The read-first technique involves refactoring (or writing) the application logic and workflow so that all processing and read operations occur first, outside of a transaction's scope. This approach eliminates unnecessary shared or read locks but can introduce stale data exceptions if the data is updated and committed before you have had a chance to commit your work. To deal with this possibility, make sure you use versioning if you are using an object-relational mapping (ORM) framework with this transaction strategy.

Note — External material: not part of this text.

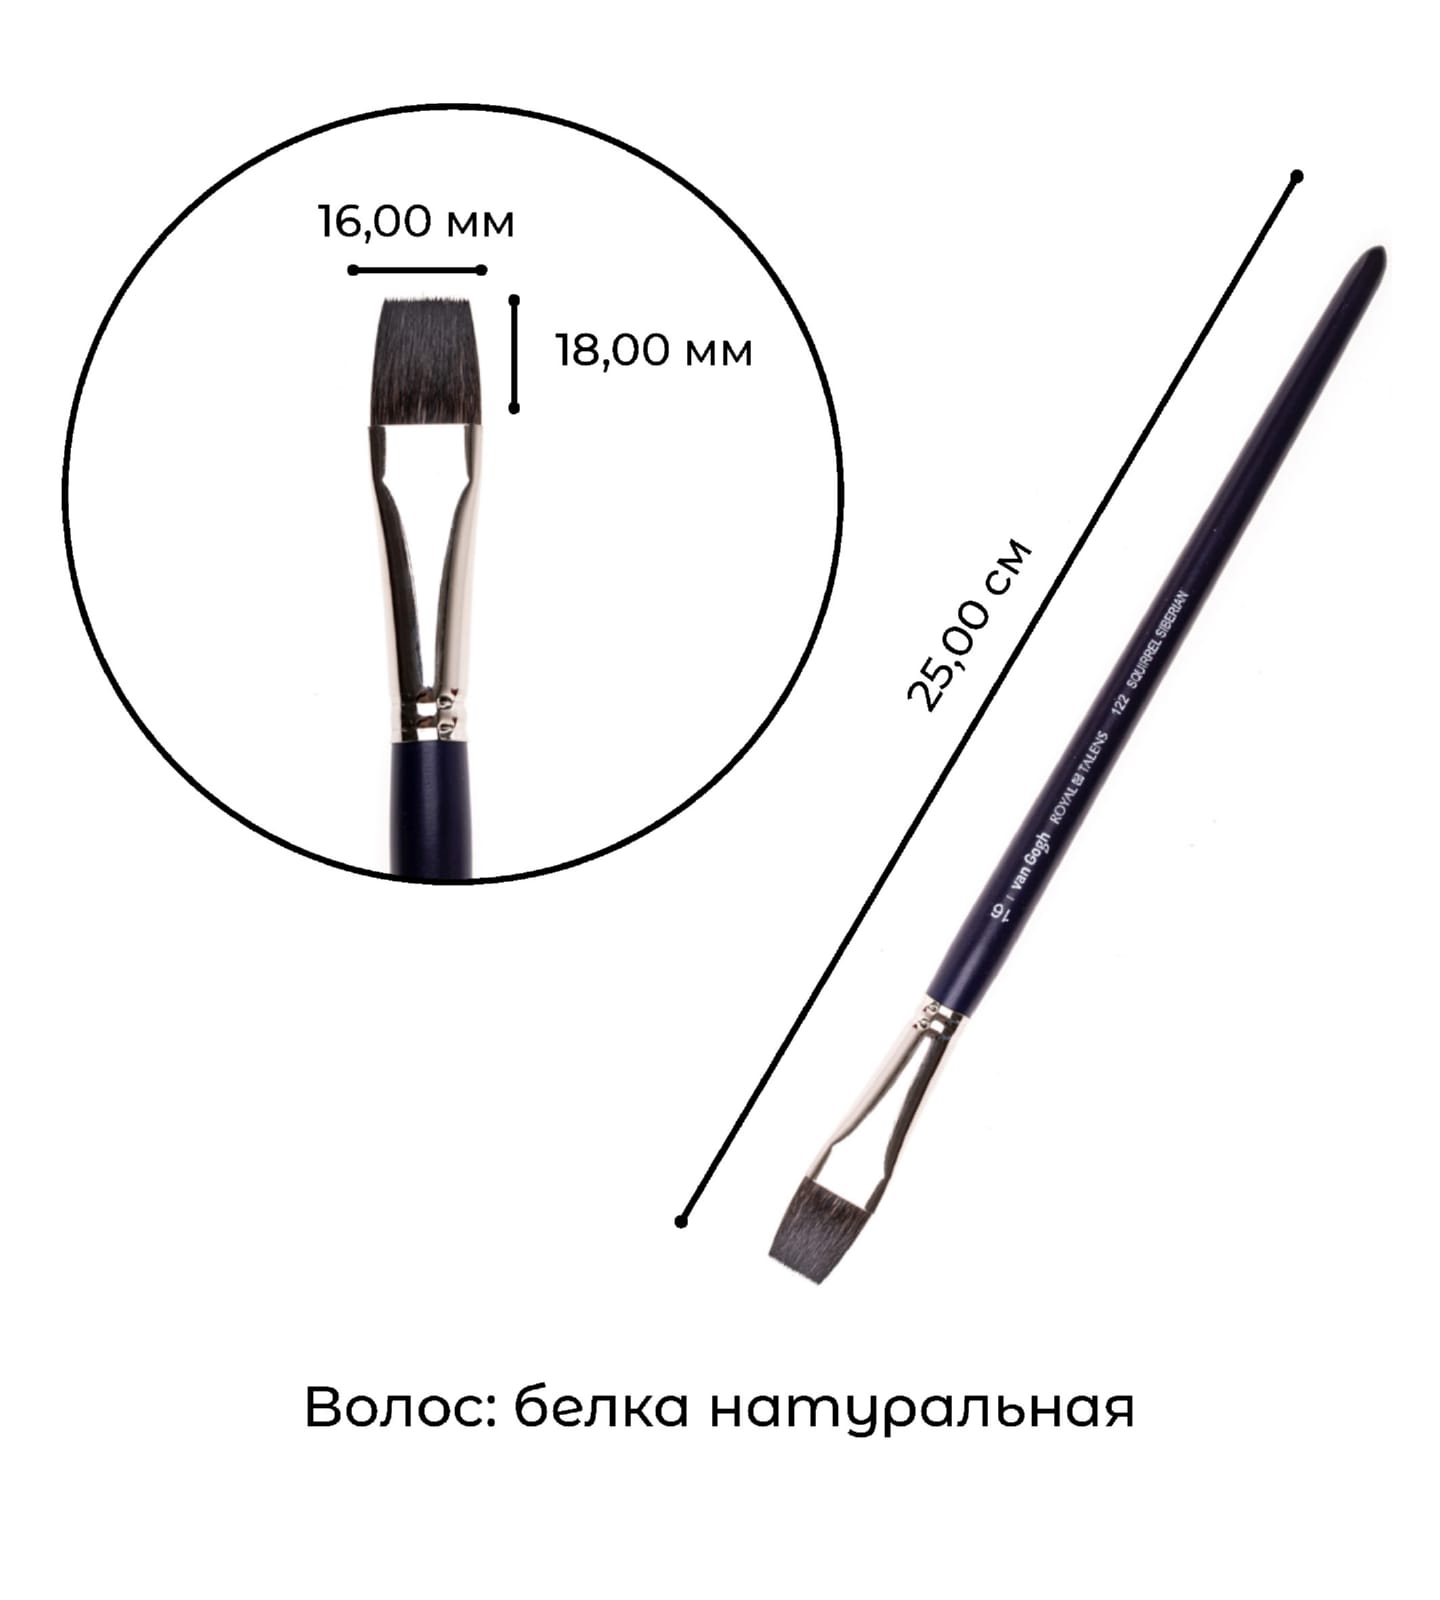 Кисть для акварели Van Gogh 122 белка сибирская плоская ручка короткая 2 шт/упак 13 размеров в ассортименте

To illustrate the read-first technique, I'll start with some code that implements the API Layer transaction strategy. In Listing 1, the transaction starts at the API Layer and encompasses the entire unit of work, including all read operations, processing, and update operations:

Listing 1. Using the API Layer strategy
@TransactionAttribute(TransactionAttributeType.REQUIRED)
public void processTrade(TradeData trade) throws Exception {
   try {
      //first validate and insert the trade
      TraderData trader = service.getTrader(trade.getTraderID());
      validateTraderEntitlements(trade, trader);
      verifyTraderLimits(trade, trader);
      performPreTradeCompliance(trade, trader);
      service.insertTrade(trade);

      //now adjust the account
      AcctData acct = service.getAcct(trade.getAcctId());
      verifyFundsAvailability(acct, trade);
      adjustBalance(acct, trade);
      service.updateAcct(trade);

      //post processing
      performPostTradeCompliance(trade, trader);
   } catch (Exception up) {
      ctx.setRollbackOnly();
      throw up;
   }
}

Notice in Listing 1 that all of the processing is contained within the scope of the Java Transaction API (JTA) transaction, including all of the verification, validation, and compliance checking (both pre and post). If you were to run the processTrade() method through a profiler tool, you would see execution times similar to those in Table 1 for each method call:

Table 1. API Layer method profile — transaction scope
Method nameExecution time (ms)
service.getTrader()100
validateTraderEntitlements()300
verifyTraderLimits()500
performPreTradeCompliance()2300
service.insertTrade()200
service.getAcct()100
verifyFundsAvailability()600
adjustBalance()100
service.updateAcct()100
performPostTradeCompliance()1800

The processTrade() method's duration is a little over 6 seconds (6100 ms). Because the transaction starts at the method's beginning and terminates its end, the transaction duration is also 6100 ms. Depending on the type of database you are using and the particular configuration settings, you will hold both shared and exclusive locks for the duration of the transaction (starting from when the read operations are performed). Furthermore, any read operation performed from a method invoked by the processTrade() method might also hold a lock in the database. As you can guess, holding locks in the database for 6 seconds in this case does not scale to support a high user load.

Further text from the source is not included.